• PROVIDED MATERIAL:
......
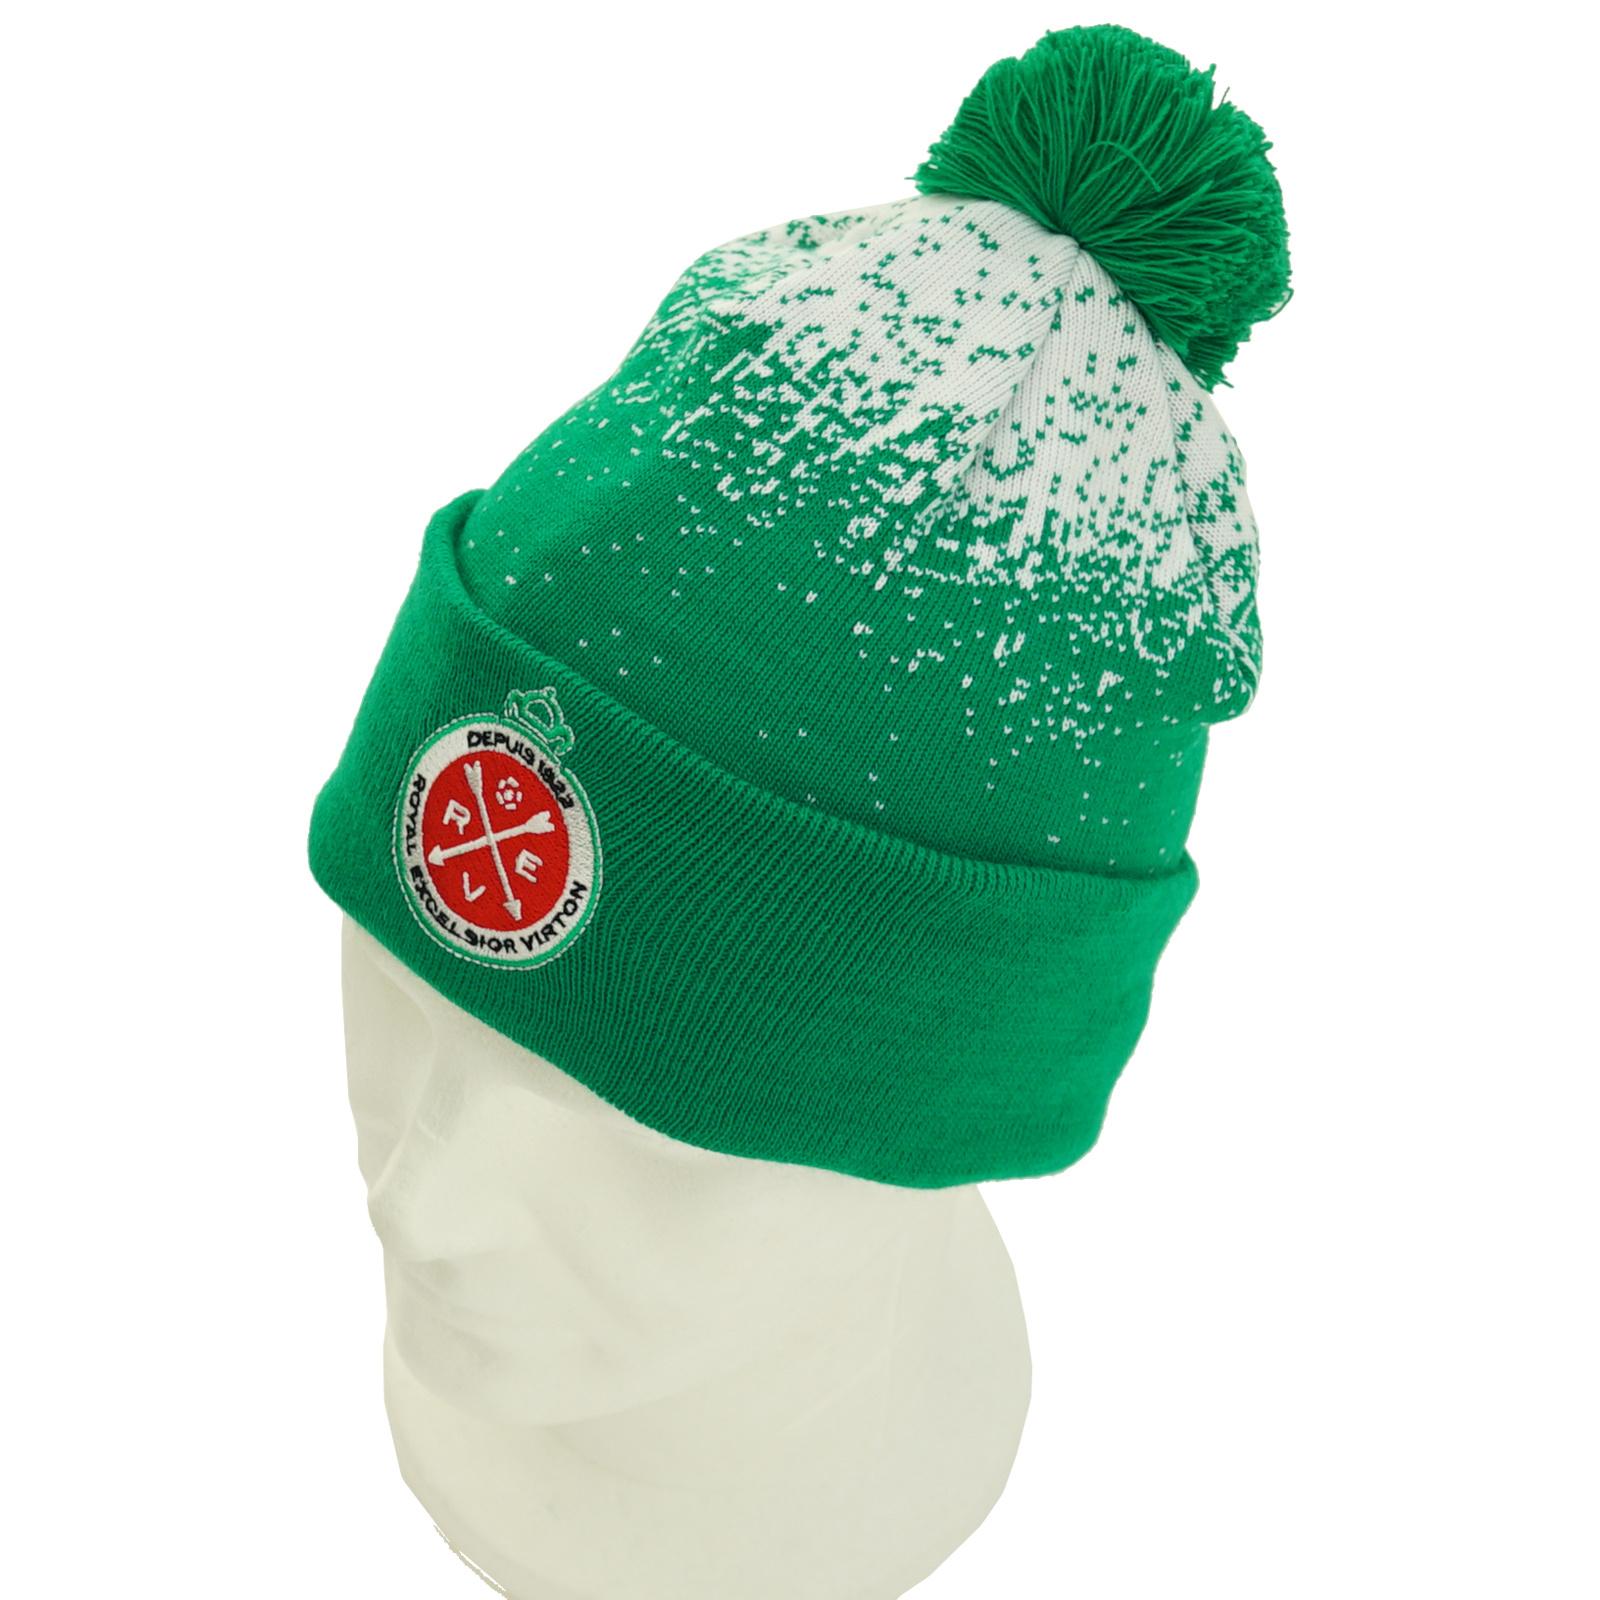 Beanie winter green-white
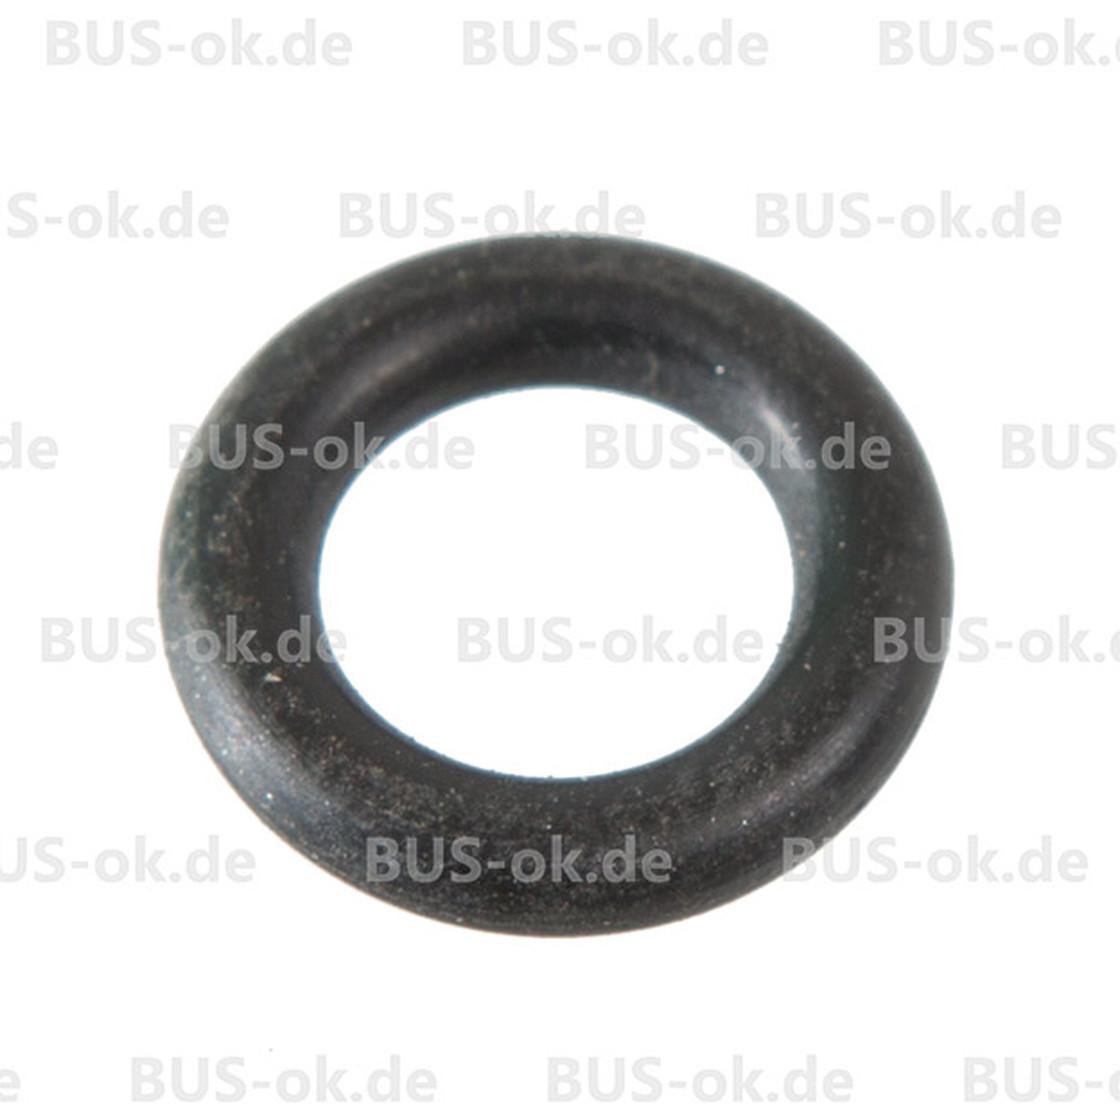 Type Split Bay Rocker Shaft Stud O Ring Seal Orig Vw Oem Partnr B on Vw Bus Engine Bay
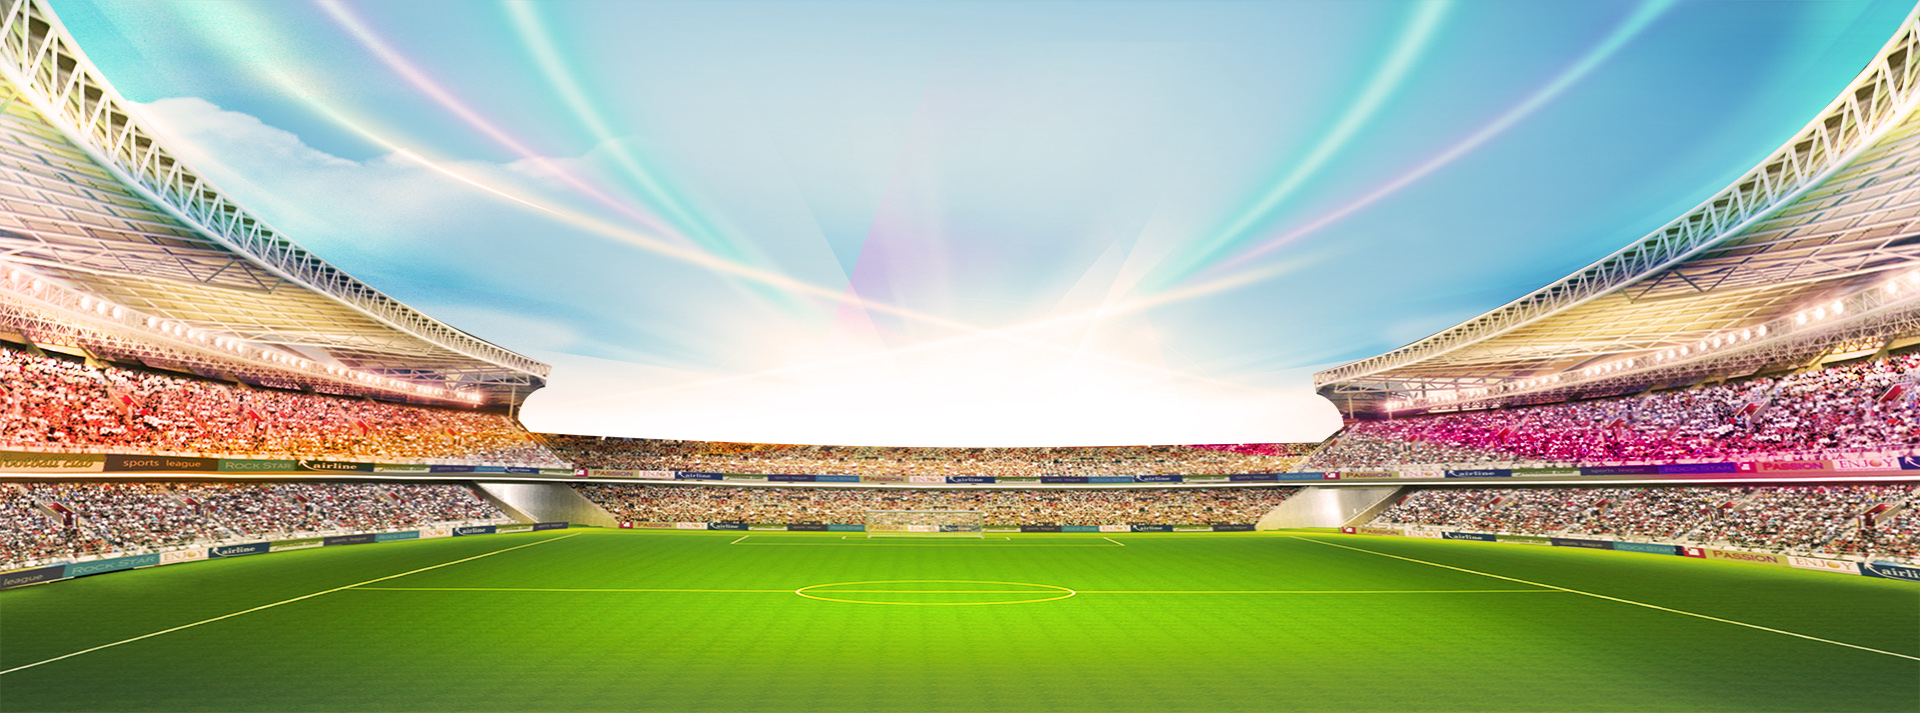 Cricket Vector Background Stock Image: Stadium Banner Background, Court, Stadium, Greenbelt
......
Retype the data in full. Images do not go in the copy.

 Beanie winter green-white
 Type Split Bay Rocker Shaft Stud O Ring Seal Orig Vw Oem Partnr B on Vw Bus Engine Bay
 Cricket Vector Background Stock Image: Stadium Banner Background, Court, Stadium, Greenbelt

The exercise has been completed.